In this article, we'll explore the challenges of tenant scoping and how we address them effectively.
What cards do we have in our hand?
Separated databases
This approach provides a pure data isolation as the data is separated from the rest of the stack. This is how you can reach the maximum isolation of the data.
However, resource requirements and operational costs are high, which can trickle down to the product itself.
Shared database, separate schema
Putting all tenants in the same database but in separate schemas reduces the resource requirements and is easier to manage at a scale from an operational point of view. However, regarding the application side, it still creates operational costs. This means, for example, a data migration will still have to run on all schemas — same problem as separate databases.

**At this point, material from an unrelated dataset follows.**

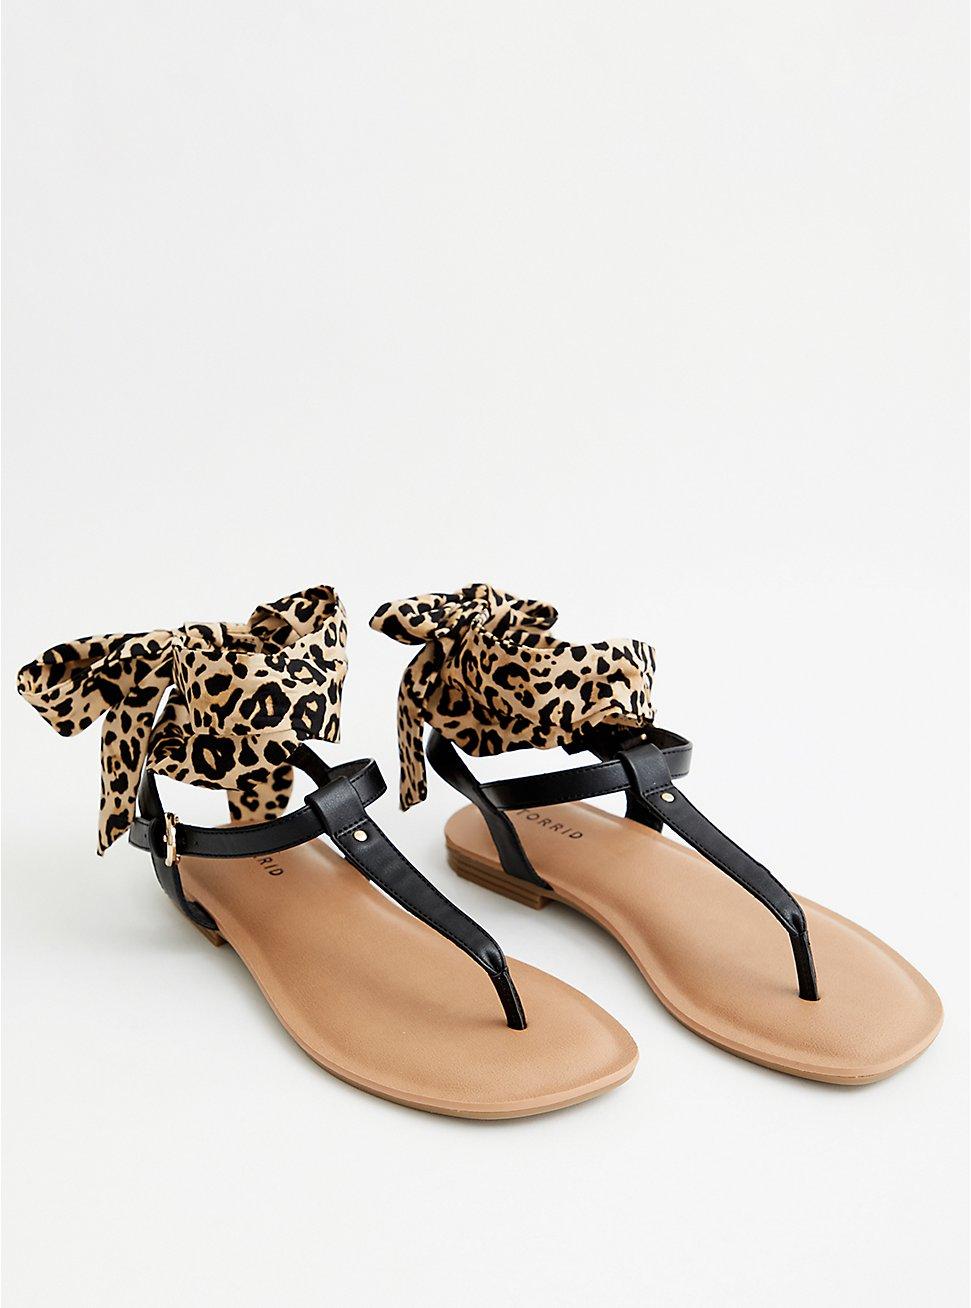 Black Faux Leather Sandal With Ankle Wrap, BLACK, hi-res

Shared database, shared schema
If all the tenants use the same database and schema it means that the data of all tenants are all together. This can scale as much as we want based on the application consumption.
However, we have a data isolation issue here. Because all tenants are mixed together in the same datastore, we need a security layer to ensure that applications can't leak organizations' data.
One possibility would be to have a “trust the programmer” approach, where we rely on the engineering team's diligence to write and properly review the code. But we all are humans and make mistakes.
To address this security issue, there's the concept of row-level security, which puts us in between shared database, shared schema and shared database, separate schema.
Row-level security
Row-level security (or RLS) defines the practice of applying security checks in a datastore per row, meaning that the actor of the query will only process the data they’re supposed to have access to. This is more fine-grained than database-level security or schema-level security that the two previously mentioned approaches would apply.
In this article, we'll dive into the PostgreSQL implementation of this feature using Row Security Policies.
User management
Depending on how you manage your user, you might choose different approaches for user management/permission. Here we're going to take the simple approach of having one admin user and one RLS user.
-- Create the admin user
CREATE USER "myapp_admin" WITH LOGIN PASSWORD 'myapp_admin';
GRANT USAGE ON SCHEMA public TO "myapp_admin";
GRANT SELECT, INSERT, UPDATE, DELETE ON ALL TABLES IN SCHEMA public TO "myapp_admin";
ALTER DEFAULT PRIVILEGES IN SCHEMA public GRANT SELECT, INSERT, UPDATE, DELETE ON TABLES TO "myapp_admin";
-- explicitely set the bypass rls for the admin user
ALTER ROLE myapp_admin BYPASSRLS;
-- create the RLS user
CREATE USER "myapp_rls" WITH LOGIN PASSWORD 'myapp_rls';
GRANT USAGE ON SCHEMA public TO "myapp_rls";
GRANT SELECT, INSERT, UPDATE, DELETE ON ALL TABLES IN SCHEMA public TO "myapp_rls";
ALTER DEFAULT PRIVILEGES IN SCHEMA public GRANT SELECT, INSERT, UPDATE, DELETE ON TABLES TO "myapp_rls";
We need to alter the role of myapp_admin to be sure it can bypass row-level security policies for some specific operations like data migrations.
Schema design
To achieve tenant isolation, some design considerations are needed when creating the tables. We need to add a column for the tenant identifier, which we'll call “tenant_id”. Depending on the database design, it can either be a NOT NULL column or a foreign key to the tenant table in the database. In Konnect we're using a microservice architecture, which means that the tenant table is only in our identity service; this leads us to use a NOT NULL column without a foreign key in the design.
Example:
CREATE TABLE IF NOT EXISTS apis (
Id uuid NOT NULL, name text NOT NULL, tenant_id uuid NOT NULL DEFAULT, CONSTRAINT apis_pk PRIMARY KEY (id)
);
Table RLS policies
Now that the table has been properly created, we need to create the policies. This includes the functions to be applied by the policies and the policies themselves.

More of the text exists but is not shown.